0

The sample file looks like this:

 ['>1\n', 'TCCGGGGGTATC\n', '>2\n', 'TCCGTGGGTATC\n',
  '>3\n', 'TCCGTGGGTATC\n', '>4\n', 'TCCGGGGGTATC\n',
  '>5\n', 'TCCGTGGGTATC\n', '>6\n', 'TCCGTGGGTATC\n',
  '>7\n', 'TCCGTGGGTATC\n', '>8\n', 'TCCGGGGGTATC\n','\n',
  '$$$\n', '\n',
  '>B1\n', 'ATCGGGGGTATT\n', '>B2\n', 'TT-GTGGGAATC\n',
  '>3\n', 'TTCGTGGGAATC\n', '>B4\n', 'TT-GTGGGTATC\n',
  '>B5\n', 'TTCGTGGGTATT\n', '>B6\n','TTCGGGGGTATC\n',
  '>B7\n', 'TT-GTGGGTATC\n', '>B8\n', 'TTCGGGGGAATC\n',
  '>B9\n', 'TTCGGGGGTATC\n','>B10\n', 'TTCGGGGGTATC\n',
  '>B42\n', 'TT-GTGGGTATC\n']

The $$$ separates the two sets. I need to use .strip function and remove the \n and all the "headers".

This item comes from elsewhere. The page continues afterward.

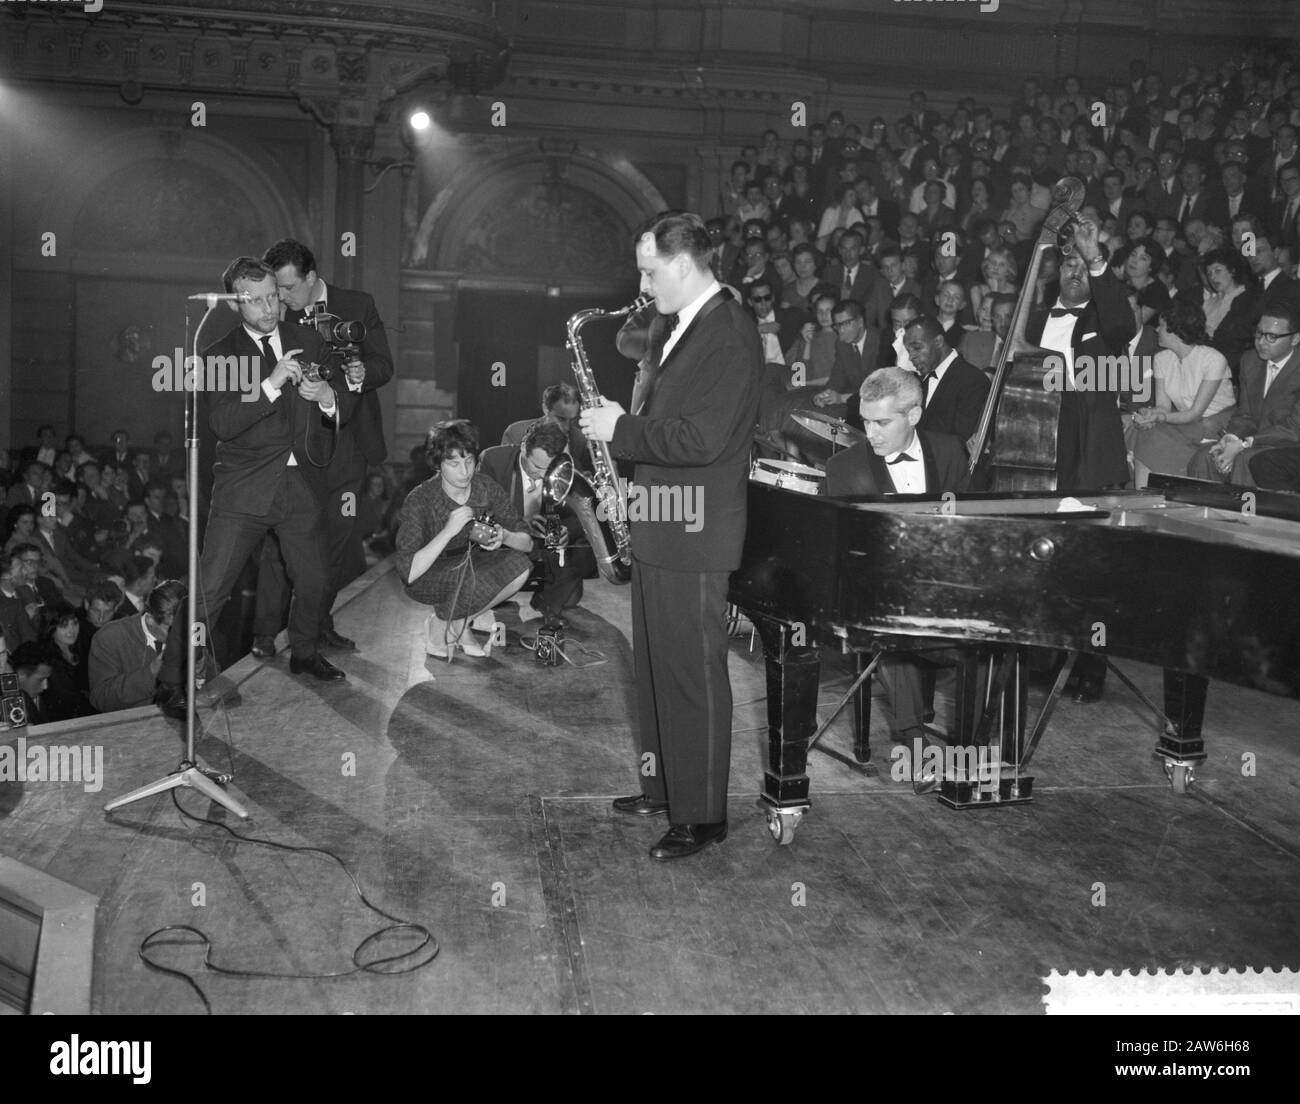 Performance of Jazz at the Philharmonic concert in the Harmonica. Stan Getz, tenor saxophone and Lou Levy, piano. Date: April 11, 1959 Location: Amsterdam, Noord-Holland Keywords: jazz, performances Person Name: Lou Levy, Stan Getz Stock Photo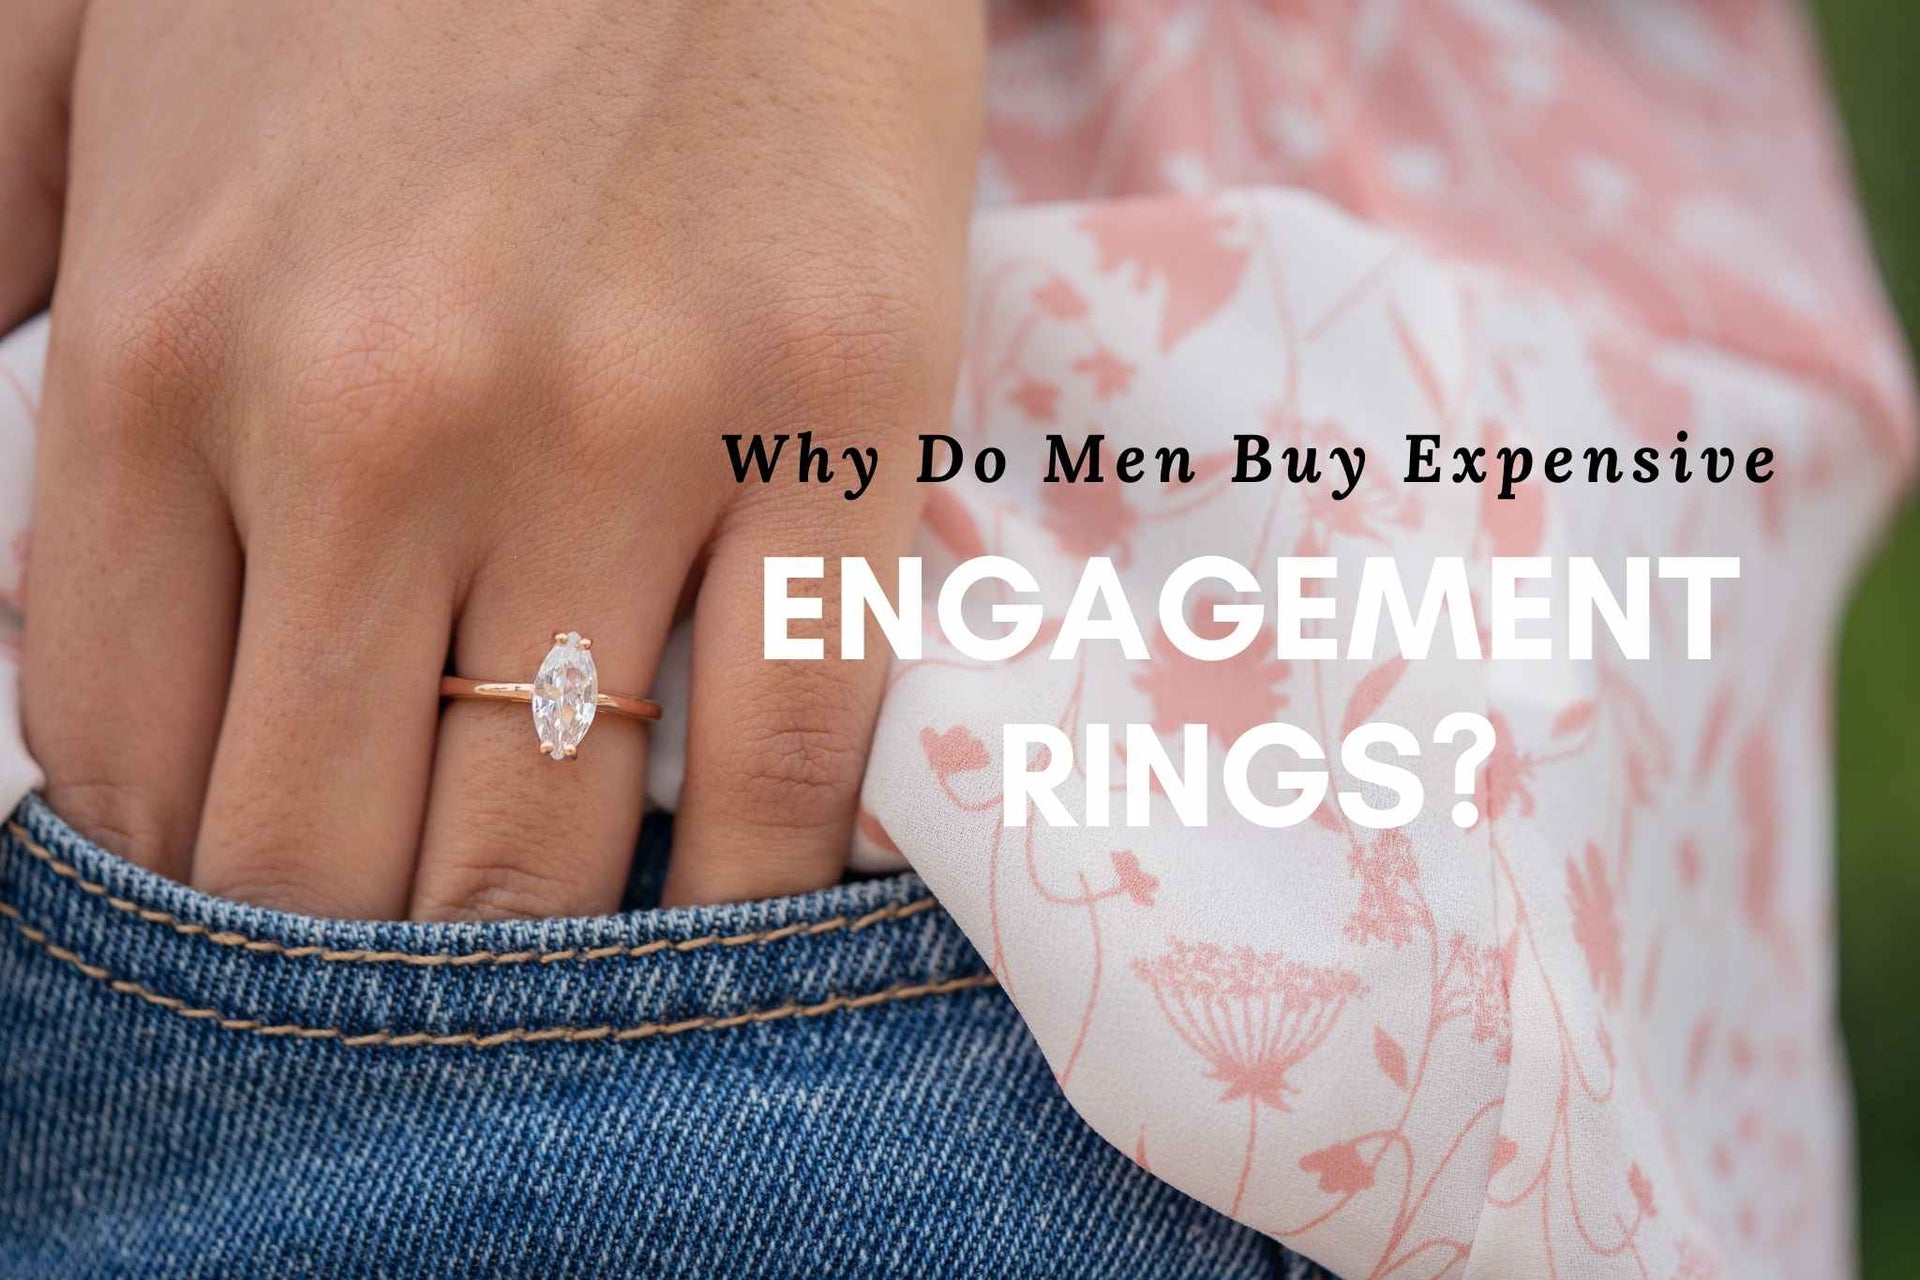 Why Do Men Feel The Need to Buy Expensive Engagement Rings?

I need to make a list (as below) and replace "-" with Z

  [ 'TCCGGGGGTATC','TCCGTGGGTATC','TCCGTGGGTATC', 'TCCGGGGGTATC',
    'TCCGTGGGTATC','TCCGTGGGTATC','TCCGTGGGTATC', 'TCCGGGGGTATC',
    'ATCGGGGGTATT','TT-GTGGGAATC','TTCGTGGGAATC', 'TT-GTGGGTATC',
    'TTCGTGGGTATT','TTCGGGGGTATC','TT-GTGGGTATC', 'TTCGGGGGAATC',
    'TTCGGGGGTATC','TTCGGGGGTATC','TT-GTGGGTATC']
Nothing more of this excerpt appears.